Encoding high dimensional vector data/ word embeddings

Hello everyone! I am currently trying to use an HTM model to detect anomalies in log event data (HDFS/BGL logs). However, my current approach involves converting the log events to high dimensional vectors using a word2vec model with dimensions >30.

Since the fields here are correlated to one another, building different models for each field is not an option. Are there any specific encoding methods for vectors with high dimensions? Or is the only option to reduce the dimensionality somehow and use scalar encoders?

Thank you in advance!

Hi, how many dimensions and data points do you actually have?

Hey! I currently have 32 dimensions and around 57000 rows.

You have best chances with an encoding that preserves similarity. I would try fly hash encoder, which roughly is a simple random projection from a (relatively) low dimension space of floats to a (relatively) higher dimensional space of sparse bits (== SDRs)

If you have no idea what I’m talking about here-s an article to begin with.
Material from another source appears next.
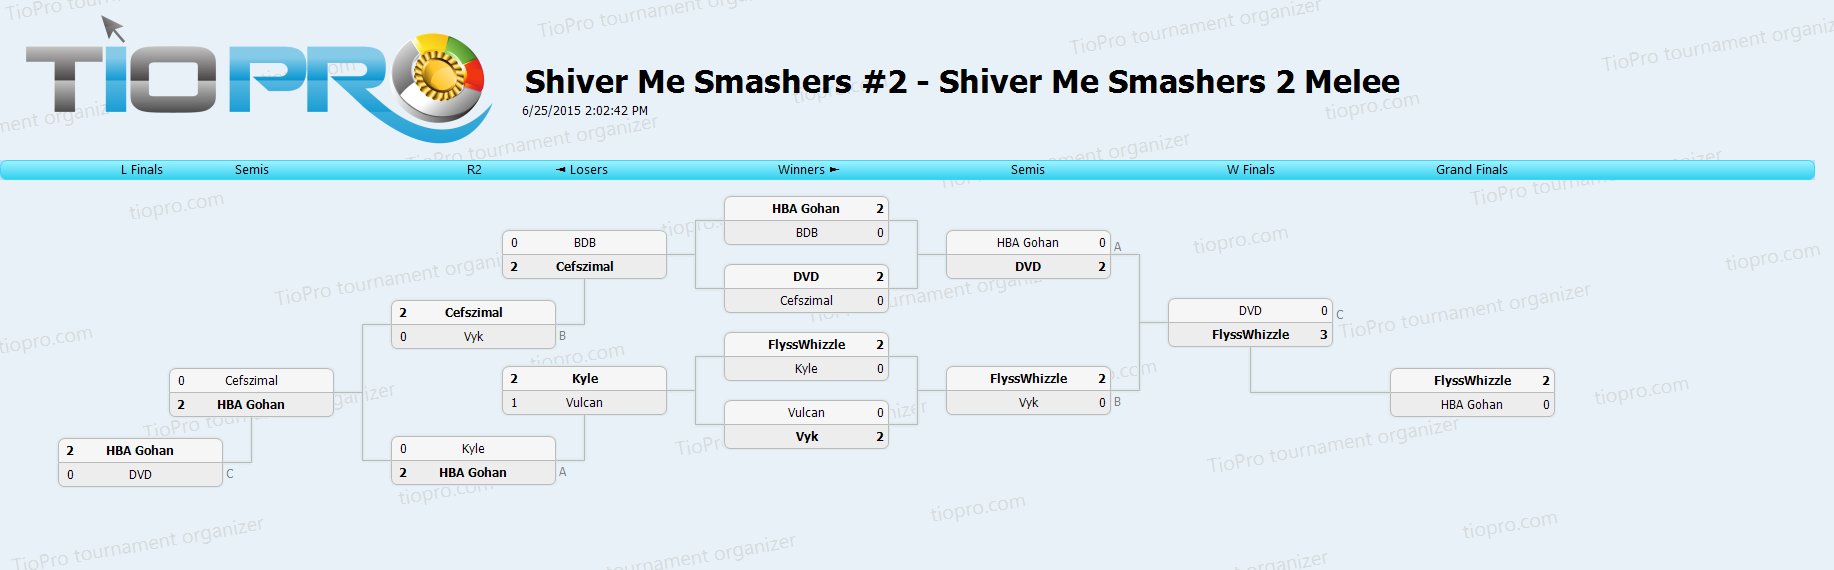 Shiver Me Smashers #2 Melee

I found this image quite relevant.

My attempt at implementing a simple one was quite satisfying on MNIST, if you want to try it on your data too, I can help explaining what it actually does, if the source seems too cryptic.

1 Like

I assume each 32 float vector corresponds to a single log line.
What is important is to have the time of each event occurrence encoded within the vector itself, preferably with words each catching a different “aspect” within time - year, month, day of week, day of month, hour, minute, seconds.
That would be more “insightful” than representing time as a float e.g.

[1552622.974721] smpboot: Booting Node 0 Processor 3 APIC 0x3
[1552622.975300] CPU3 is up
[1552622.976639] ACPI: Waking up from system sleep state S3
[1552622.998637] sd 1:0:0:0: [sda] Starting disk
[1552623.200812] OOM killer enabled.
[1552623.200813] Restarting tasks … done.
[1552623.205668] video LNXVIDEO:00: Restoring backlight state
[1552623.205676] PM: suspend exit
[1552623.375128] e1000e 0000:00:19.0 enp0s25: NIC Link is Down
[1552623.436960] ata2.00: ACPI cmd ef/10:06:00:00:00:00 (SET FEATURES) succeeded
[1552623.436966] ata2.00: ACPI cmd b1/c1:00:00:00:00:00 (DEVICE CONFIGURATION OVERLAY) filtered out
[1552623.436968] ata2.00: ACPI cmd f5/00:00:00:00:00:00 (SECURITY FREEZE LOCK) filtered out
[1552626.354200] e1000e 0000:00:19.0 enp0s25: NIC Link is Up 1000 Mbps Full Duplex, Flow Control: Rx/Tx
[1552626.354257] IPv6: ADDRCONF(NETDEV_CHANGE): enp0s25: link becomes ready

Thank you so much for your detailed write-up. I am currently reading through the article and I believe the fly hash encoder is exactly what I am looking for.

Thank you again for sharing your implementation as well. I will try to post the results once I finish my project.